Quasi 500mila stranieri in Veneto
VENEZIA - Chiunque abbia avuto un figlio negli ultimi anni lo sa già: fuori dalla sala parto c’è sempre almeno un uomo di origine straniera e dentro, ancora più spesso, una ragazza immigrata. Niente di nuovo, ma a guardare le cifre sull’immigrazione di Veneto Lavoro presentate dall’assessore ai Flussi migratori Daniele Stival la scena è destinata a ripetersi sempre più spesso. Nel 2010 infatti un quinto dei bambini nati negli ospedali veneti è figlio di immigrati e, se si contano anche quelli che hanno ottenuto la cittadinanza sposando un italiano, la quota dei neonati con almeno un genitore straniero sale a un terzo del totale dei circa 45 mila veneti venuti alla luce l’anno scorso. «Si tratta di un fenomeno che si consolida sempre di più - spiega Bruno Anastasia di Veneto Lavoro - e che risulta essere perfettamente in linea con il resto dei paesi europei».

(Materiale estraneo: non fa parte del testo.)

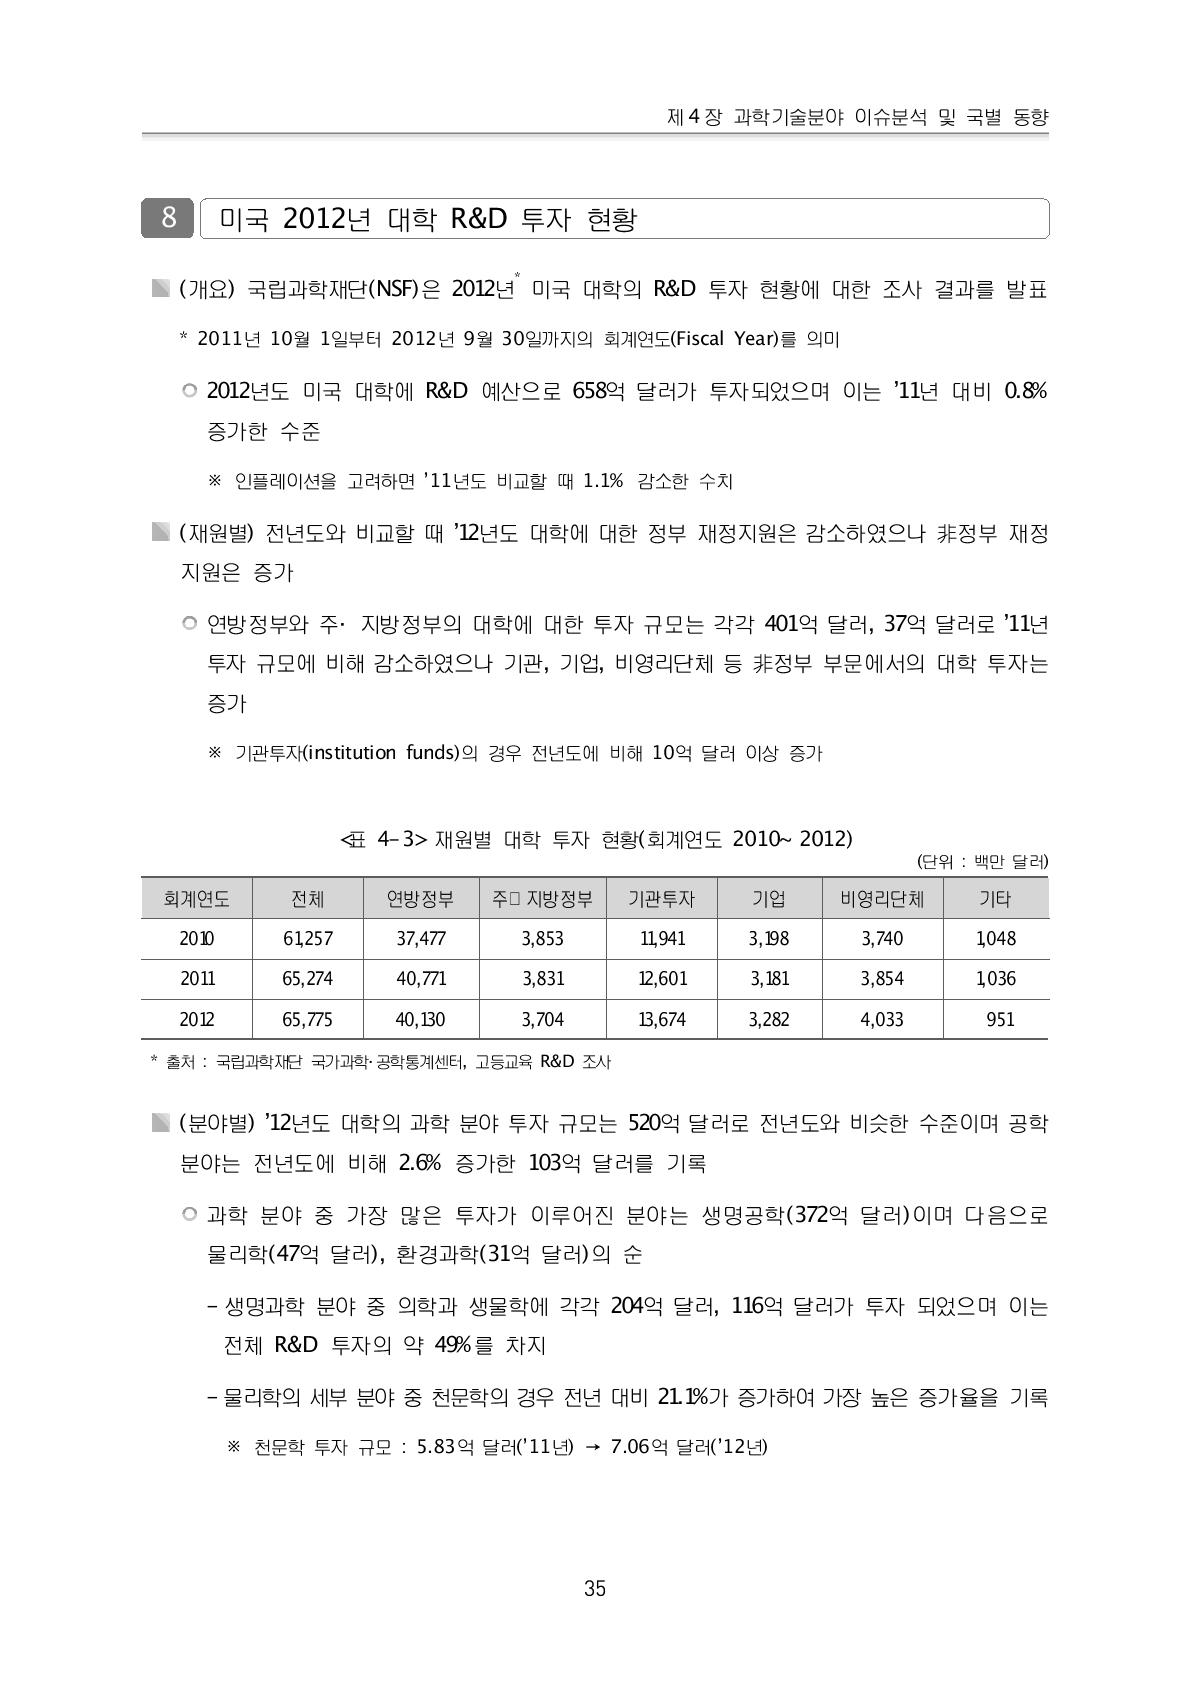 재원별 대학 투자 현황(회계연도 2010~2012)
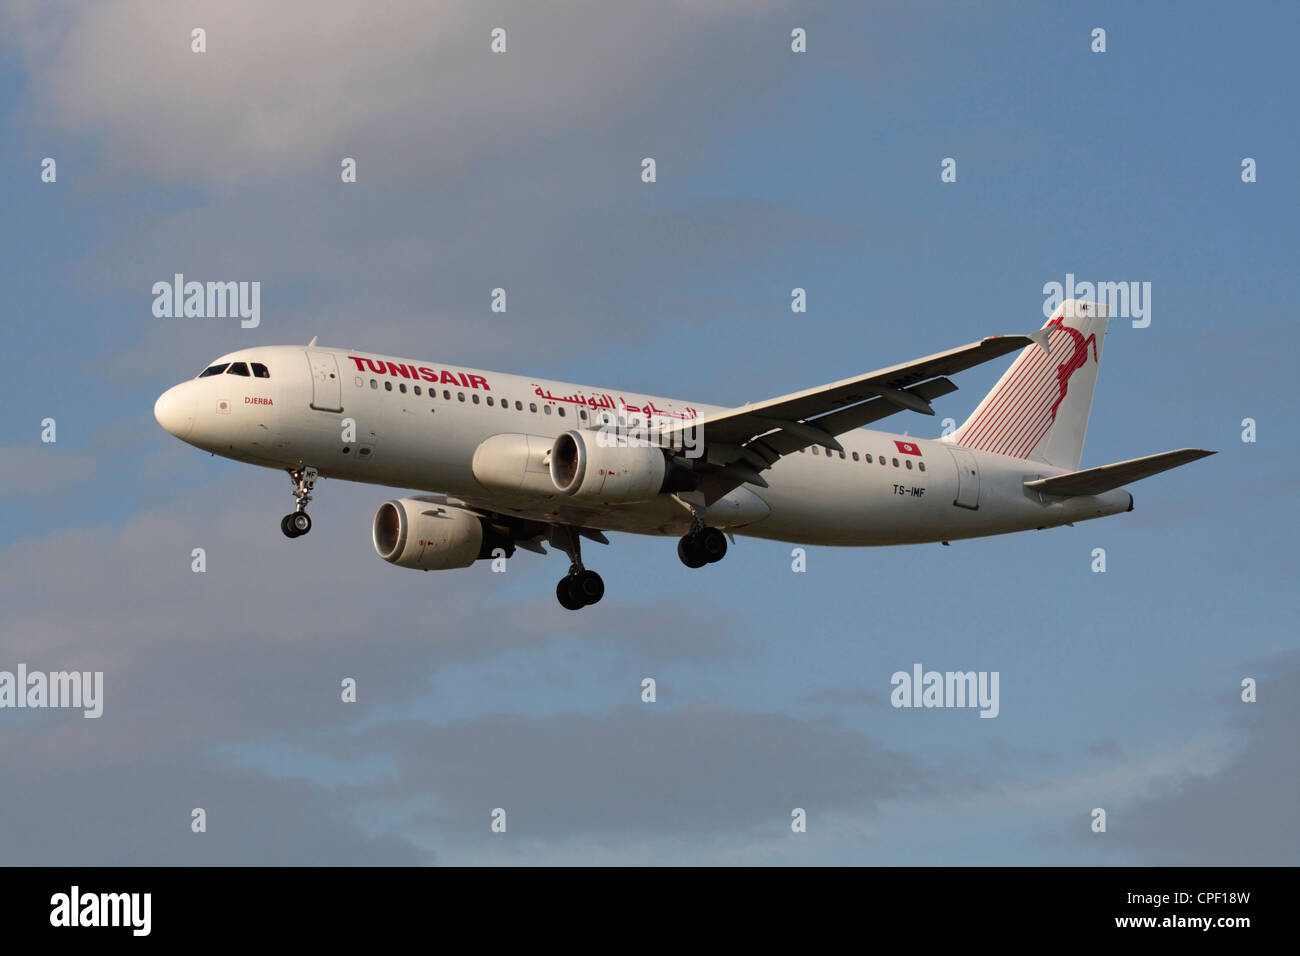 Tunisair Airbus A320 aereo commerciale battenti sulla rotta di avvicinamento Foto Stock

D’altro canto il numero di stranieri di tutte le età sparsi per il territorio regionale è aumentato di quasi venti volte negli ultimi vent’anni. Da poco meno di 30 mila all’inizio degli anni Novanta, gli stranieri regolari sono arrivati a 600 mila e potranno superare la cifra di due milioni - tra quelli di origine straniera ormai naturalizzati e i nuovi arrivi - prima del 2030. E se tra meno di vent’anni i veneti potrebbero dunque essere per un terzo uomini e donne di origine non italiana - capaci comunque di parlare dialetto - oggi i lavoratori stranieri sono 230 mila, poco più dell’10 per cento della popolazione attiva totale. Più alto invece il numero di disoccupati stranieri rispetto a un paio di anni fa. La crisi infatti ha colpito per prima la compagine extracomunitaria che ha registrato un tasso di disoccupazione quasi doppio rispetto a quella dei colleghi italiani. Anche se gli stranieri tendono a ritrovare lavoro più facilmente del resto dei disoccupati - non avendo reti familiari di sostegno molti sono disposti ad accettare qualunque occupazione - rimangono la fascia di popolazione più esposta alla povertà. Negli ultimi due anni infatti è aumentato esponenzialmente il numero di stranieri che hanno ripreso a lavorare come collaboratori domestici in attesa di trovare una nuova occupazione preferibilmente nel settore del turismo o nel comparto manifatturiero chieda quest’anno ha iniziato a riassorbire la manodopera più qualificata.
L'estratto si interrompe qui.